Function literals can't be class members

John Colvin john.loughran.colvin at gmail.com
Tue Jul 9 03:25:25 PDT 2013


On Monday, 8 July 2013 at 22:41:41 UTC, JS wrote:
> trying to use a lambda inside a sub template gives an error.
>
> mixin template a
> {
>    template b()
>    {
>       enum b = { }();
>    }
>    mixin(b!());
> }
>
> gives the error in the subject, removing the nesting or using a 
> function instead of a lamda produces no error, yet all are 
> essentially semantically equivalent... just the lamda version 
> requires less typing. (in fact, it would be nice to have a 
> simplification of template b() = { ... }();)

This belongs in D.learn.

The code you provided is never going to give any "Function 
literals can't be class members" error, although it does have a 
lot of other things wrong with it.

1) The mixin template has no parameter list.
2) enum b = { }(); isn't valid without a function body. Did you 
mean (){} ?
3) and it definitely isn't going to return a string to work with 
mixin();

It helps to give code examples that are at least syntactically 
correct, if not immediately compilable.

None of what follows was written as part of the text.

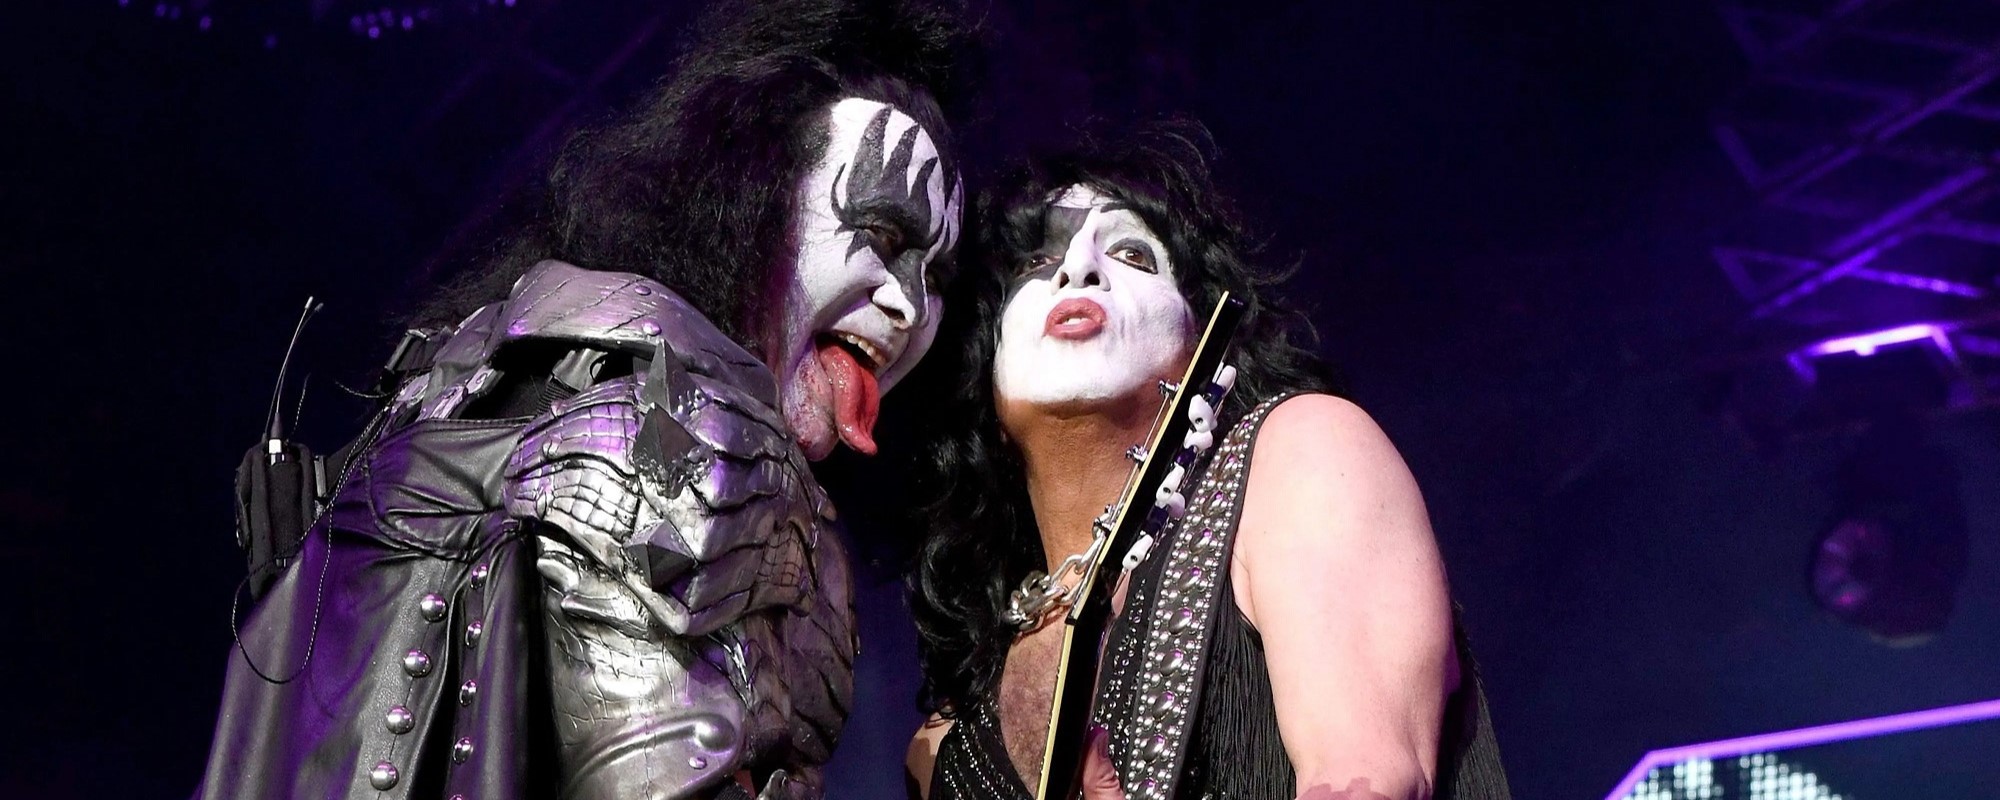 Gene Simmons Says KISS Bandmate Paul Stanley Doesn’t Get “the Respect and Recognition He Deserves” as a Guitarist

A correct and simplified 
test case of what I *think* you are talking about is this:

mixin template A()
{
	auto foo = (){ };
}

class C
{
	mixin A!();
}

Error: delegate f977.C.A!().__lambda1 function literals cannot be 
class members

Lambda function and delegate literals cannot be class members. 
Function literals can. I'm not entirely sure on the reason why, 
it's probably to do with context pointers.